| THE PROBLEM |
Without copying any picture, transcribe exactly the lines of the data below from the one containing "The image features" through the one containing "There are several".

| DATA RECORDS |
★ ★ ★
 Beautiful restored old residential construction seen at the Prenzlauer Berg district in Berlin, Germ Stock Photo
★ ★ ★
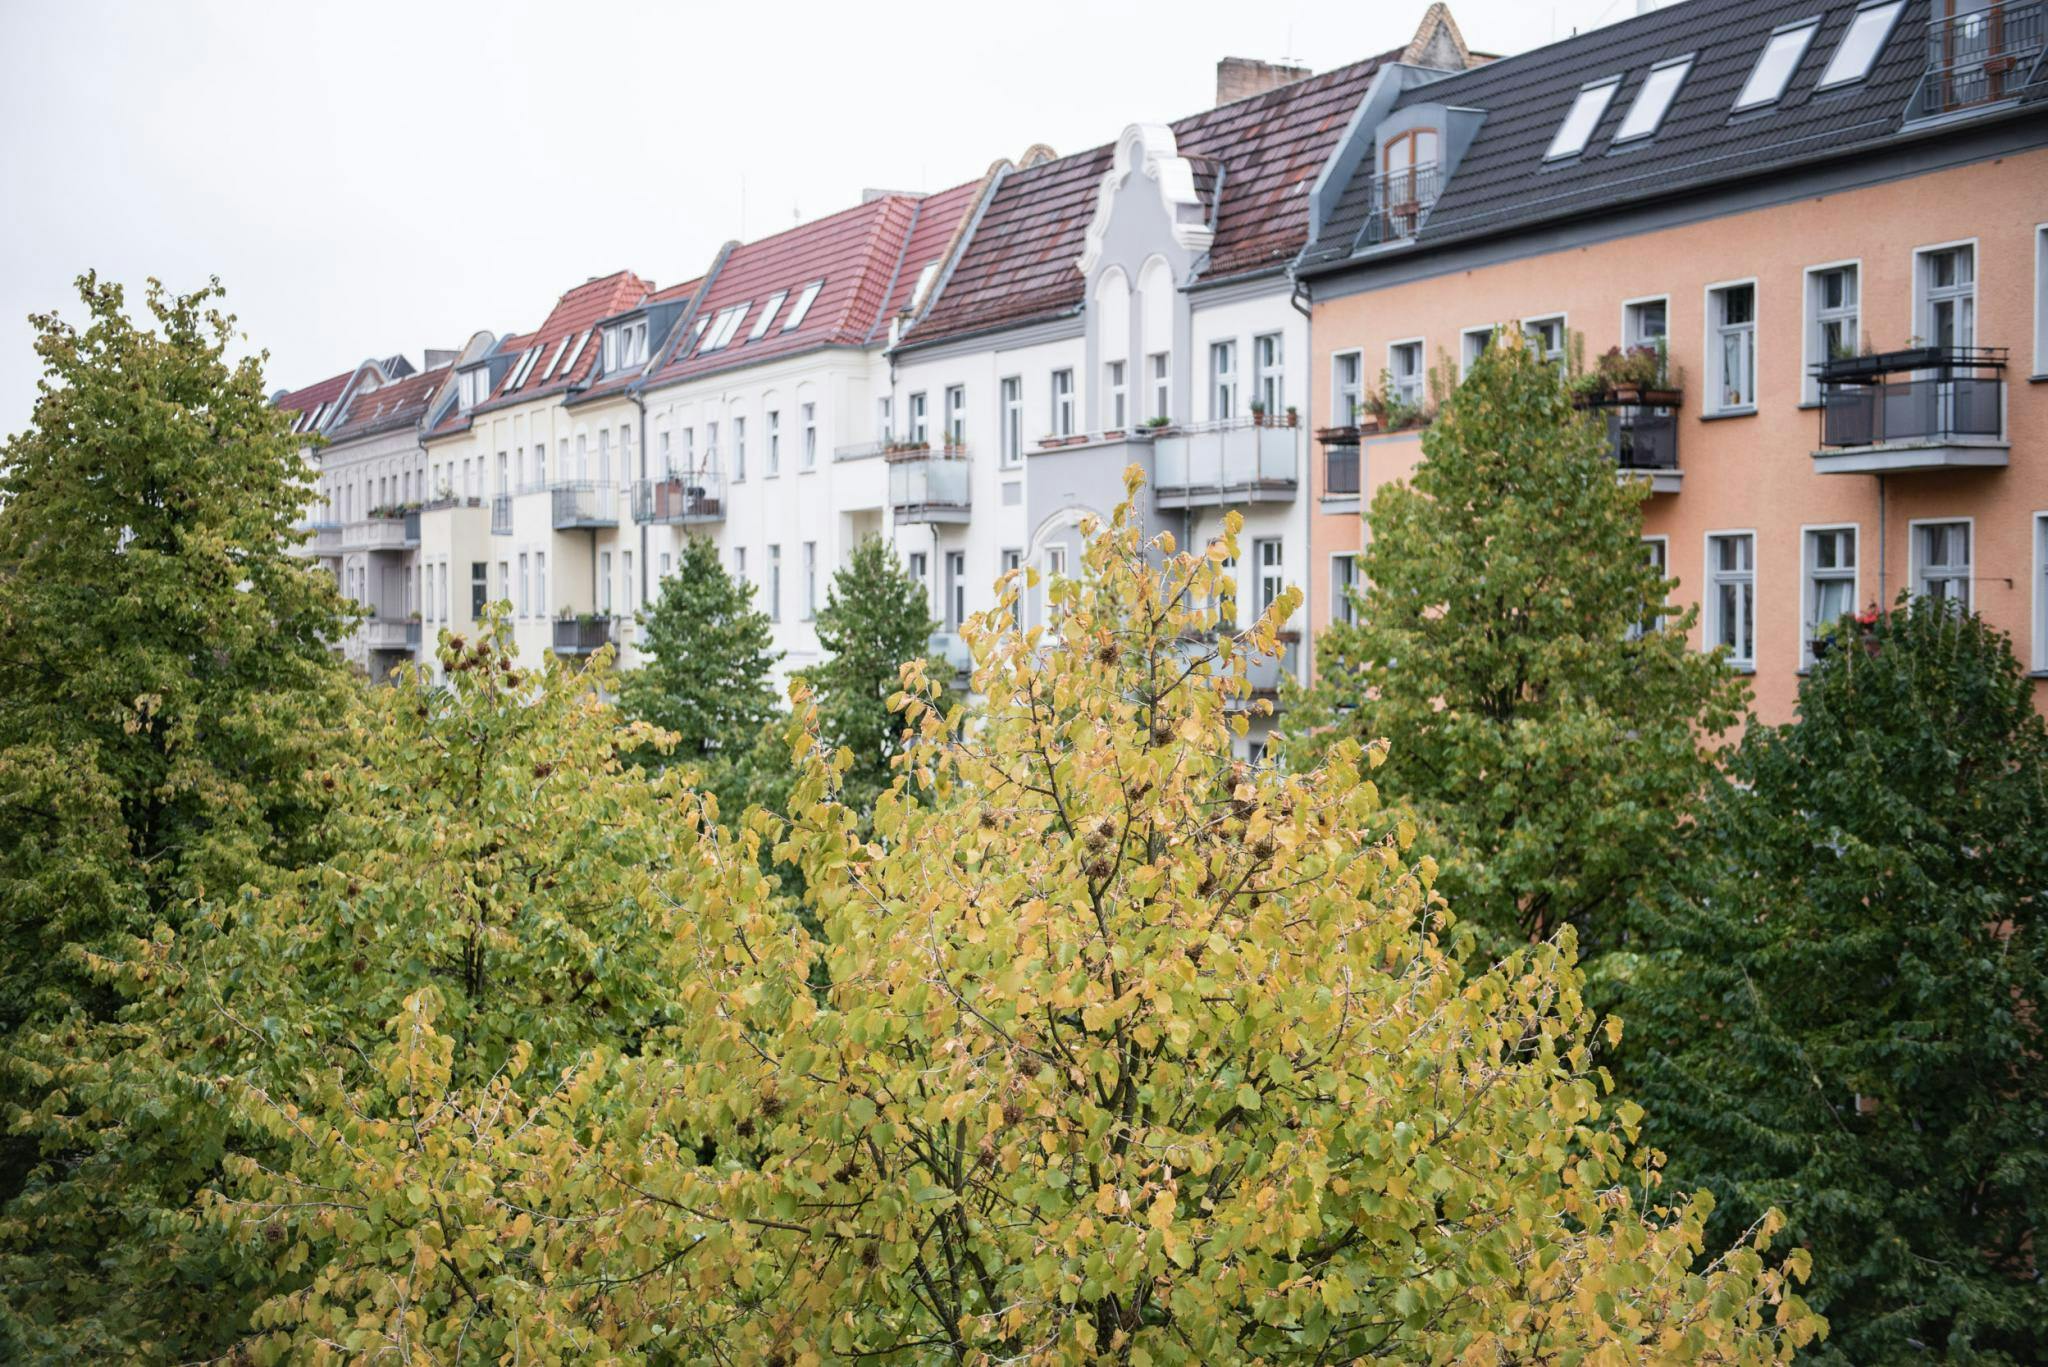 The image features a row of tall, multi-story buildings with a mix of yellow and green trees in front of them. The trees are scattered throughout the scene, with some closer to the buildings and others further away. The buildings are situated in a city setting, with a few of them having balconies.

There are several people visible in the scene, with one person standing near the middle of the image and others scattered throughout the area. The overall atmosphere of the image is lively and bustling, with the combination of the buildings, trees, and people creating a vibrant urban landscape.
★ ★ ★
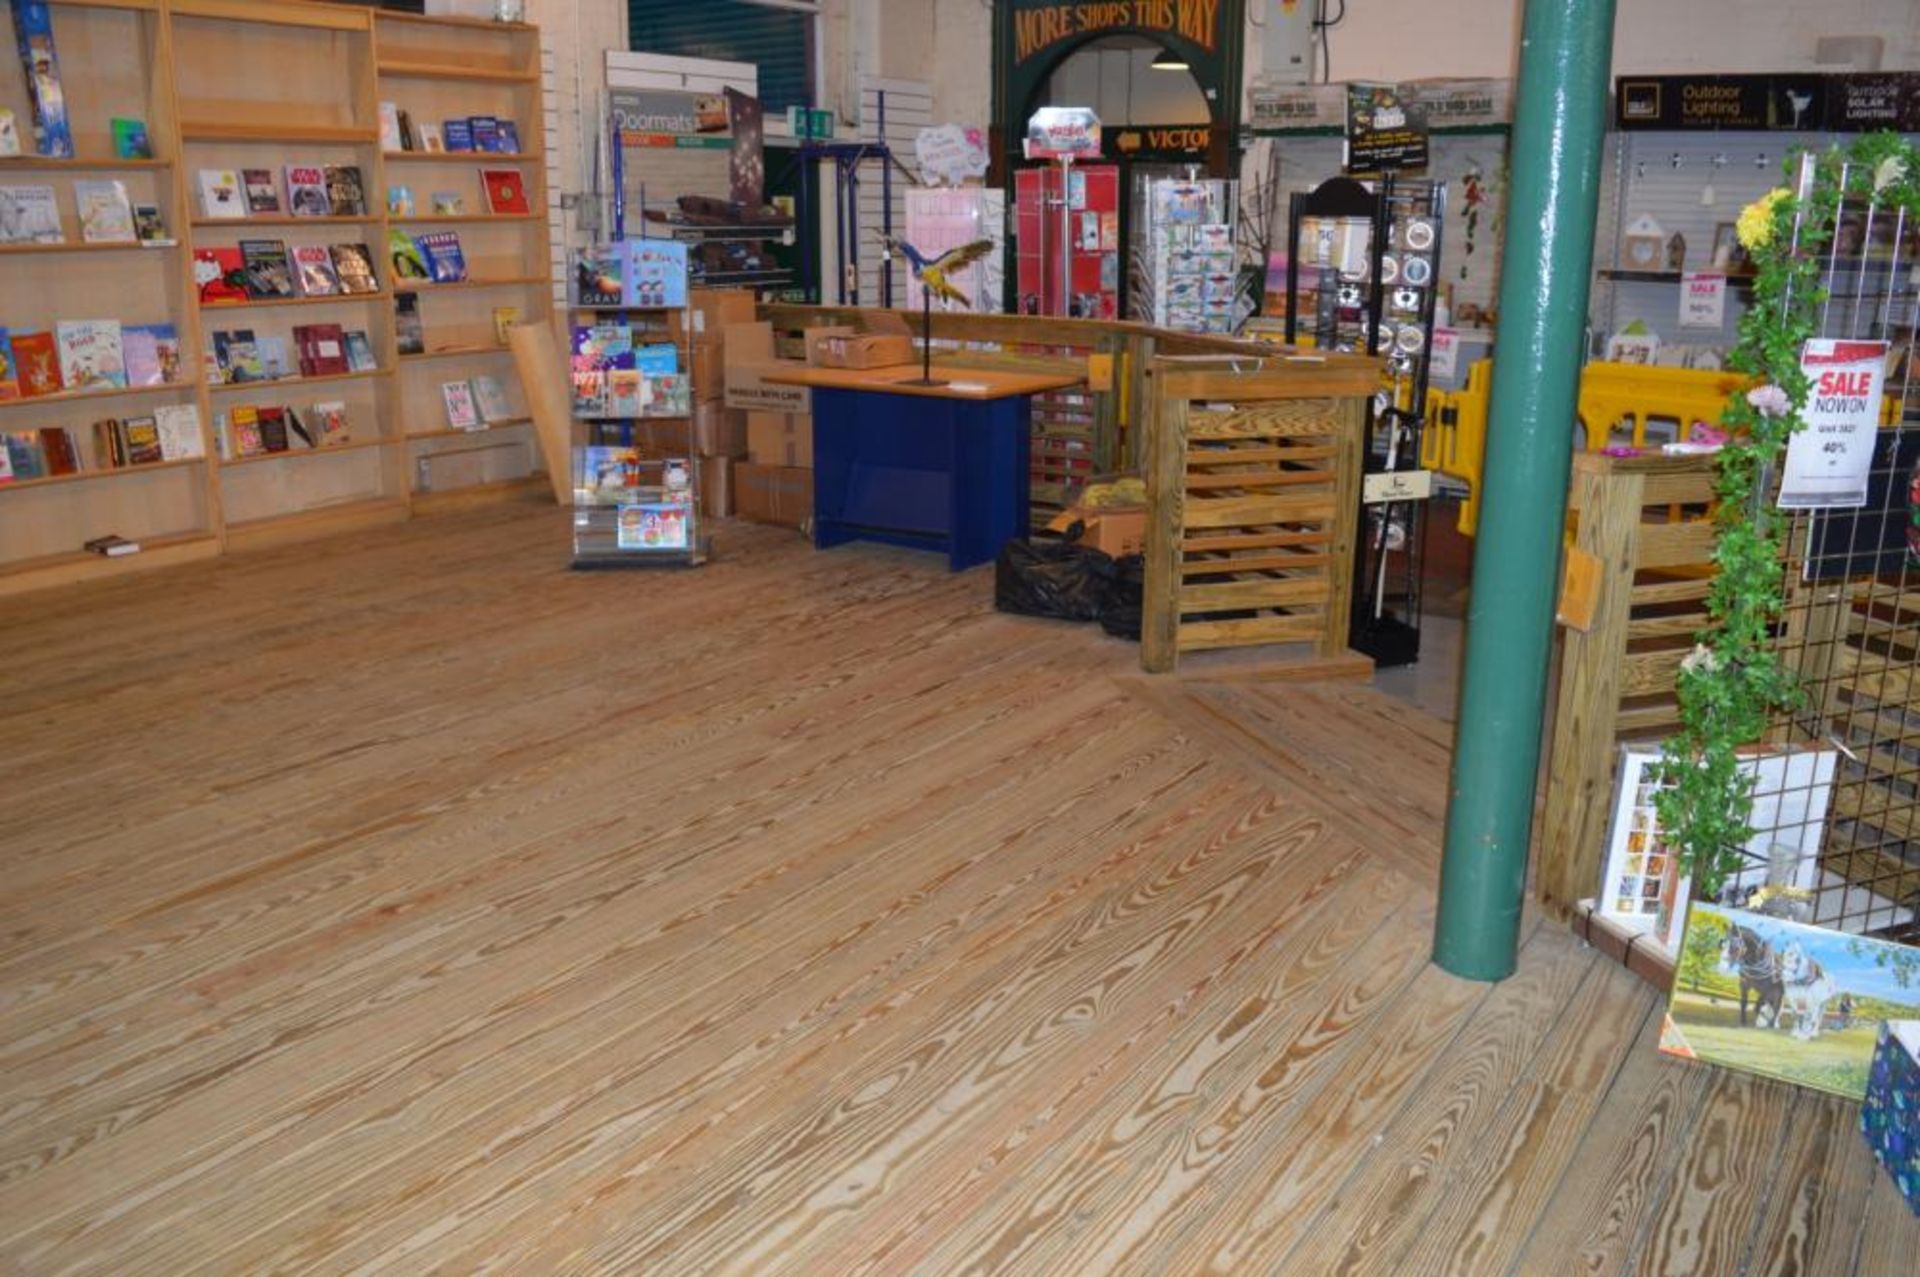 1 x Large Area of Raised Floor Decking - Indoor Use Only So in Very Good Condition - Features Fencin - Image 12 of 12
★ ★ ★
| RESPONSE BOX |
 The image features a row of tall, multi-story buildings with a mix of yellow and green trees in front of them. The trees are scattered throughout the scene, with some closer to the buildings and others further away. The buildings are situated in a city setting, with a few of them having balconies.

There are several people visible in the scene, with one person standing near the middle of the image and others scattered throughout the area. The overall atmosphere of the image is lively and bustling, with the combination of the buildings, trees, and people creating a vibrant urban landscape.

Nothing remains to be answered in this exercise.